GIVEN MATERIAL:

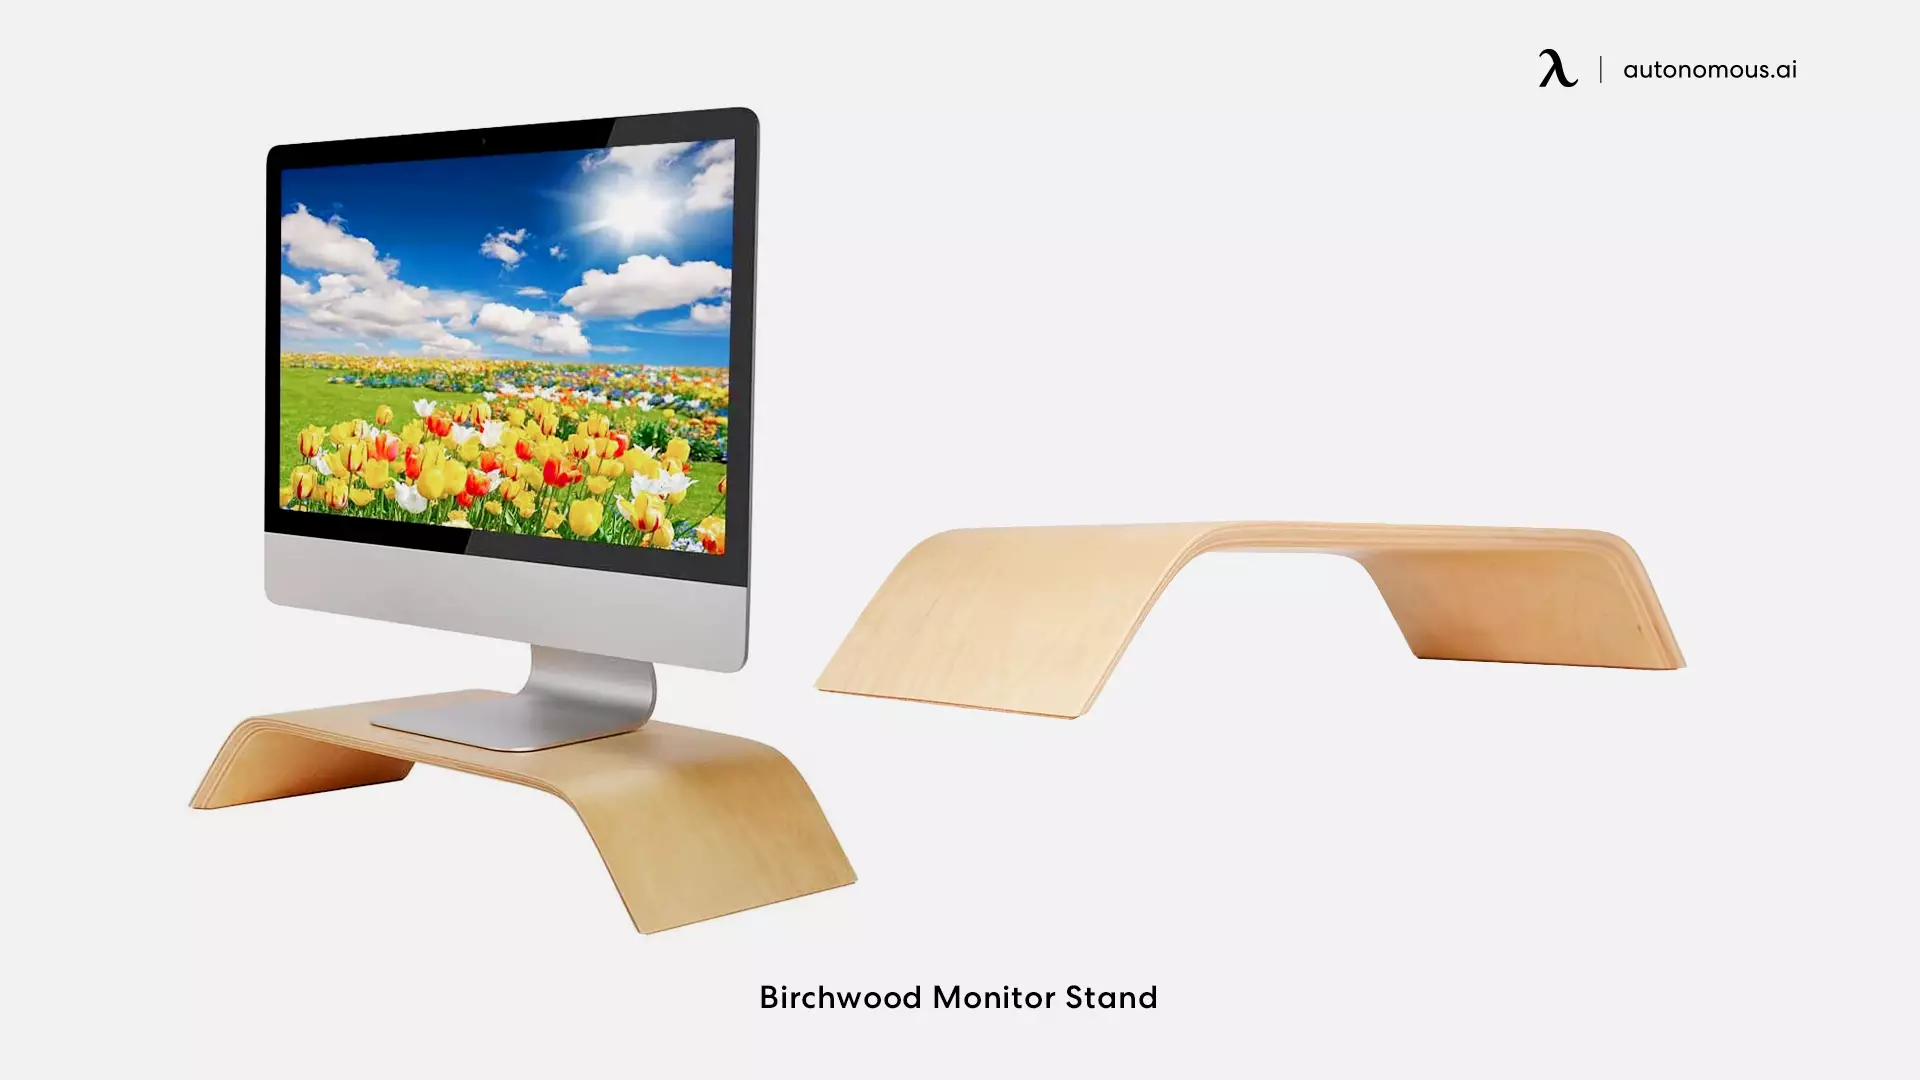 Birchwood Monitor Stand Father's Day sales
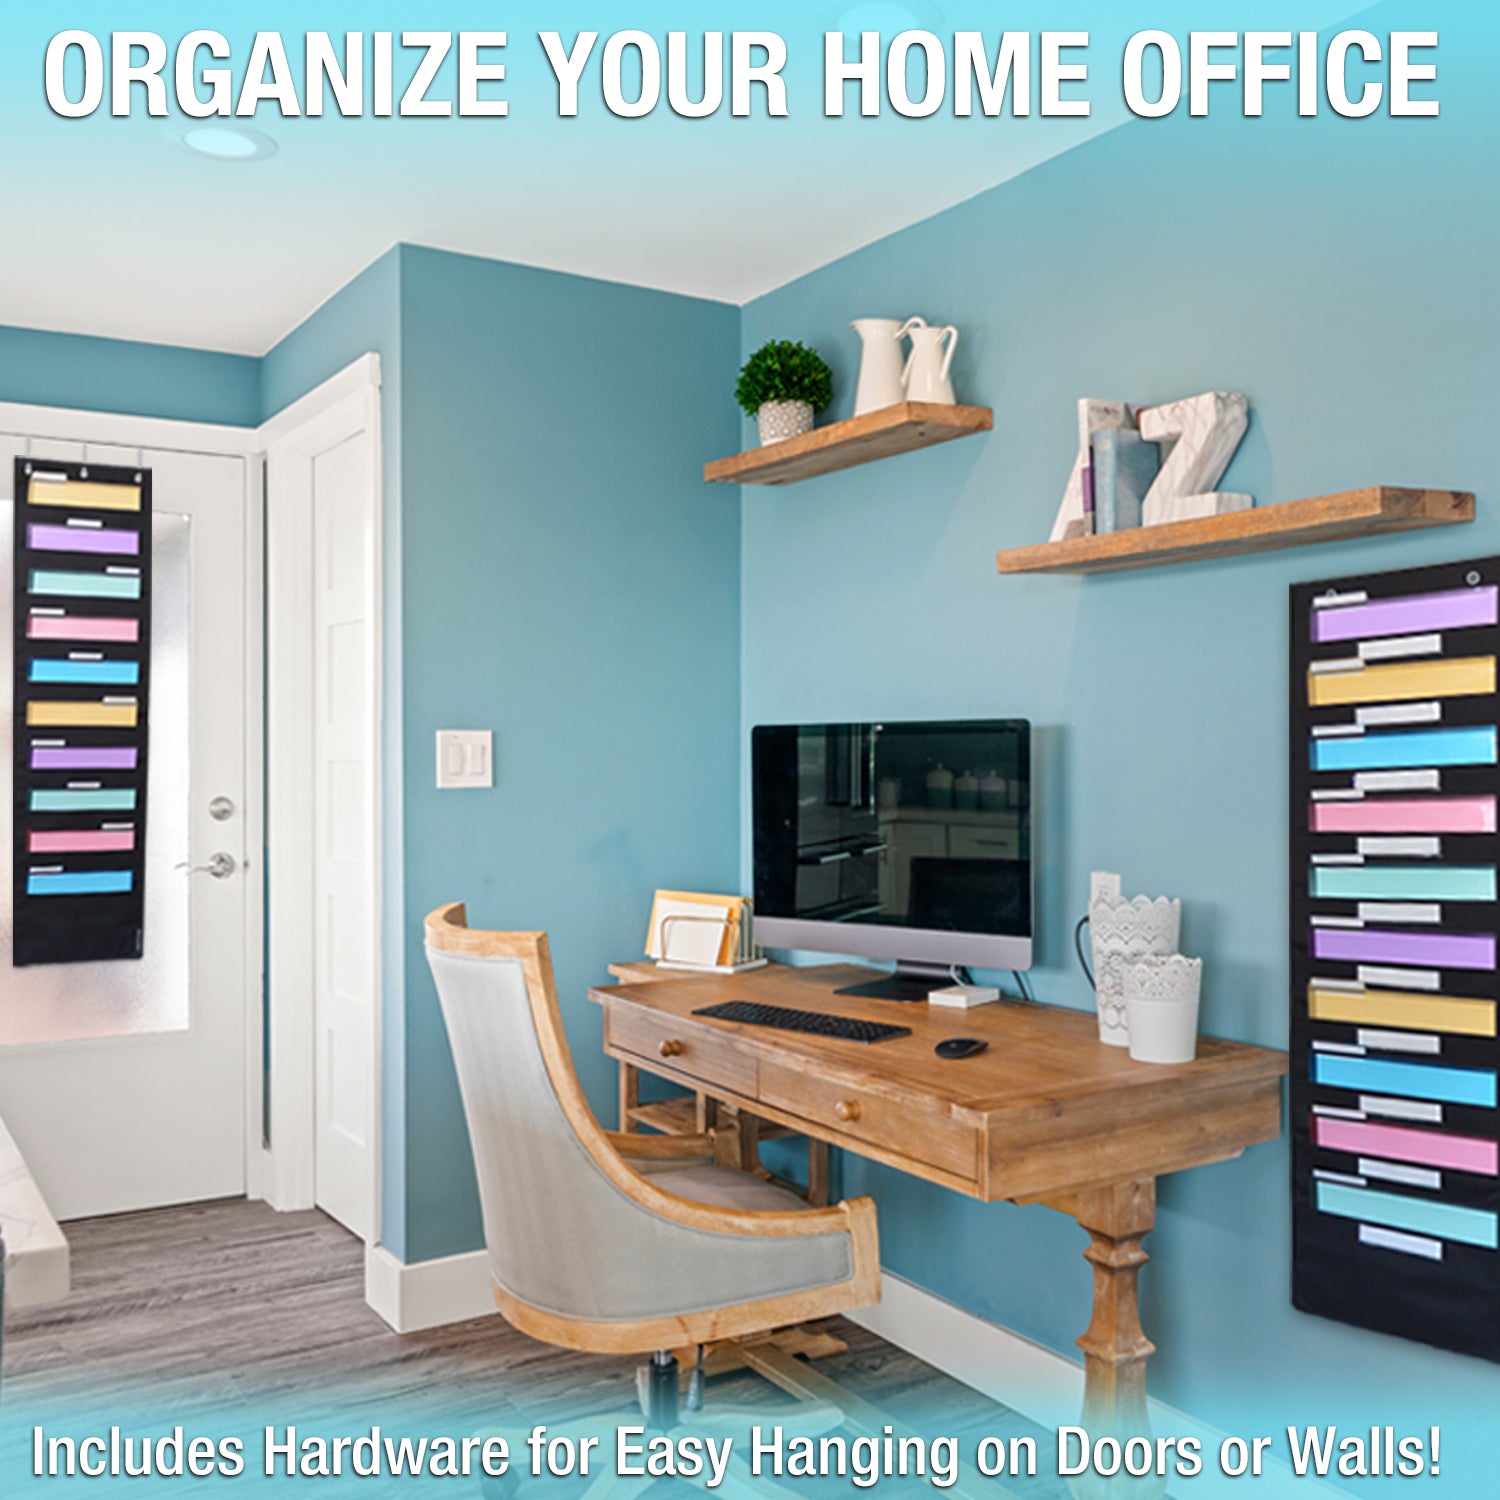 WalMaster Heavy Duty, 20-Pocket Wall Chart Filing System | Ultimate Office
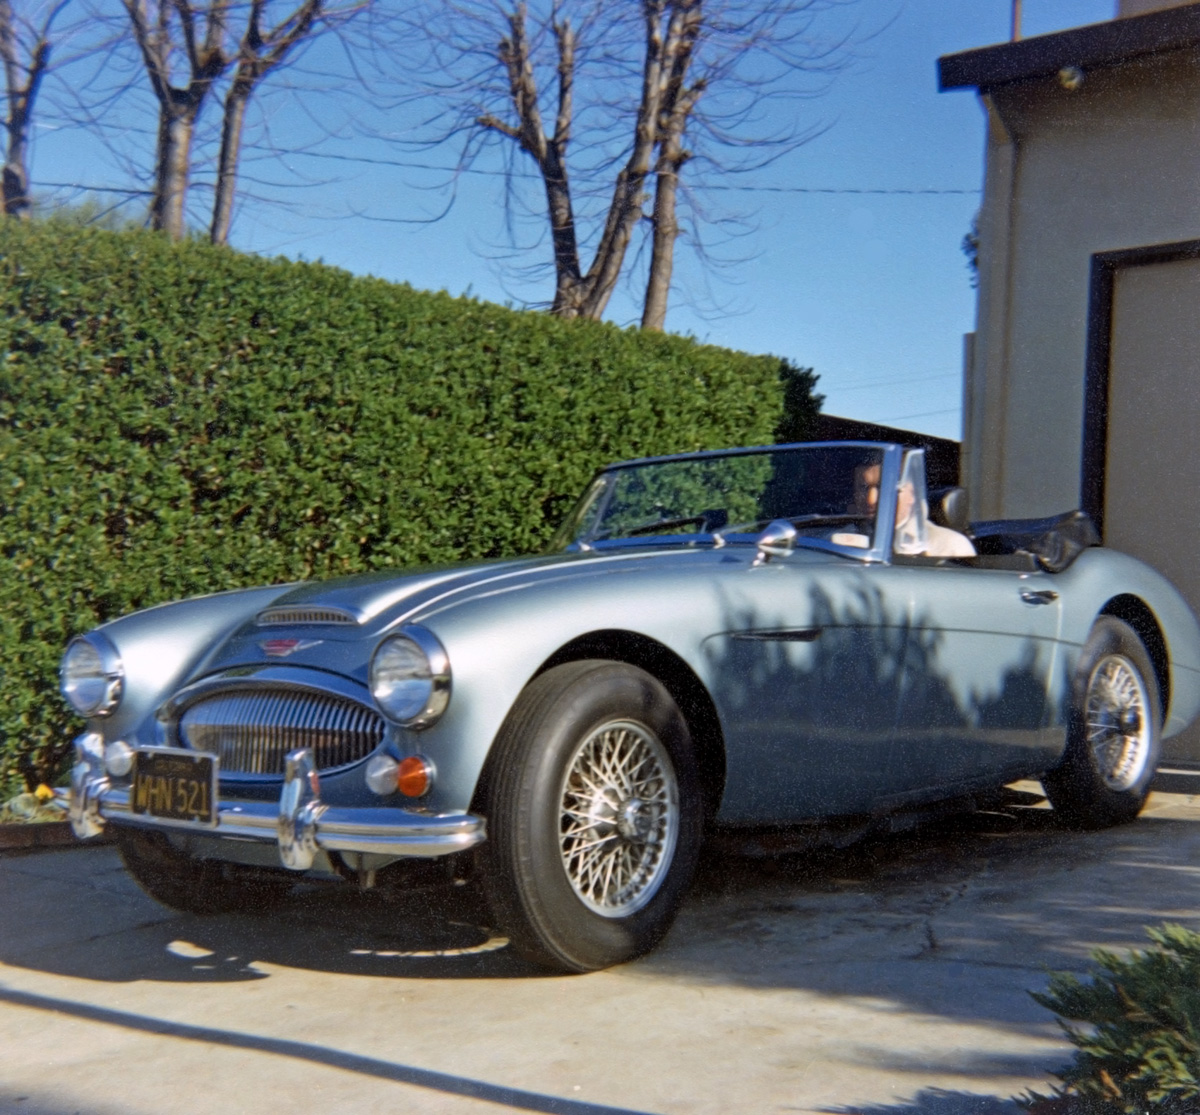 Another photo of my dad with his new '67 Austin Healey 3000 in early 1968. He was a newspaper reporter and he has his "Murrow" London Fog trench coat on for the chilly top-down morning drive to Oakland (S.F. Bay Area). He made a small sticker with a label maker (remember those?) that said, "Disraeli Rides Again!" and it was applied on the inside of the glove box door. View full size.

TO DO: Output the lines of the data exactly, starting at the first and ending with the line that has "WalMaster Heavy Duty, 20-Pocket". Pictures are not part of it.

EXERCISE ANSWER:
 Birchwood Monitor Stand Father's Day sales
 WalMaster Heavy Duty, 20-Pocket Wall Chart Filing System | Ultimate Office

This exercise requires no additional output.